Books

Review: Waking Lions

Powerful thriller with a moral dimension

February 11, 2016 10:59
Ayelet Gundar-Goshen: Israeli noir
1 min read

By Ayelet Gundar-Goshen
Pushkin Press, £12.99

Ayelet Gundar-Goshen made a great impact last year with her debut novel, One Night, Markovitch, a very human story about love and secrets, set against the background of present-day Israel. Waking Lions has a similar theme: how distant we can be even from our loved ones. Her characters have secrets that they can't or won't share, with consequences that will define their lives.

Eitan Green, the central character of her new novel, is a young, up-and-coming, Israeli neurologist. He is happily married to Liat, a police detective, and they have two young children. But Green has a secret. He has killed someone.

We are told what happened on the first page of the novel. Green is driving his SUV in the desert. He is driving too fast, late at night after a long exhausting session at the hospital. He runs down an Eritrean man and drives off without telling anyone. But the man's wife finds Green's wallet by the scene of the crime and comes and finds him.

Waking Lions falls into two halves. The first 180 pages develop this situation. The wife blackmails Green and he has to make a choice, which ends up threatening both his home life and his professional career.

Is the doctor a good man? Can someone be good even if they do one bad thing? Where will his lies take him?
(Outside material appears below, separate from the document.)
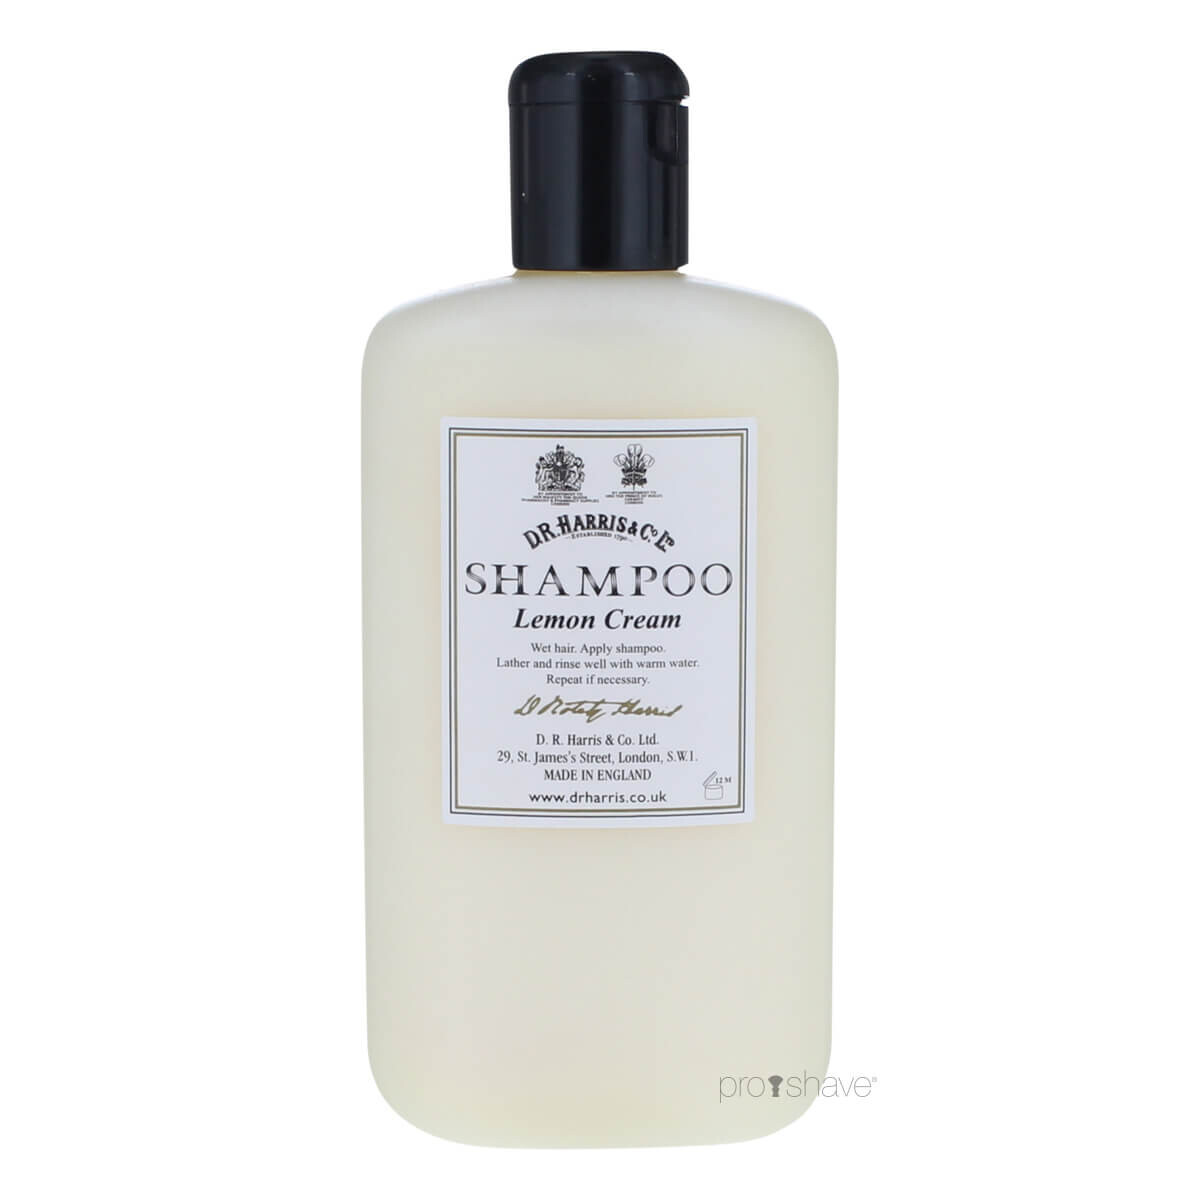 Billede af D.R. Harris Lemon Cream Shampoo, 250 ml.

The second half is very different. It becomes a fast-paced thriller, full of dark, moral complexity. There are Israelis, Eritrean illegal immigrants and Bedouin gangsters. There are drugs, rape and violence. And suddenly roles are reversed. It is hard to tell who are the good guys and the victims, and who are the baddies.

Amid all this, the writing becomes more and more interesting, inviting you to keep turning the pages as you get sucked into the plot. But you suddenly begin to realise that the novel turns on three couples, each with a dark story, involving either lies or terrible violence. It also turns on four kinds of space: Green's home, a place of love and domesticity; the hospital; the desert, a place of violence and death; and a fourth place which becomes increasingly significant.

Gundar-Goshen is a fascinating talent. She doesn't have a great turn of phrase but she's a brilliant story-teller, moving between plots and sub-plots with a gripping cast of characters.

And, like the best US, Israeli and Scandinavian TV dramas, she can take a straightforward genre - the thriller - and use it to explore big moral and political questions about secrets, lies and race in modern-day Israel. As the bodies pile up and the lies deepen, we enter a new genre: Israeli noir.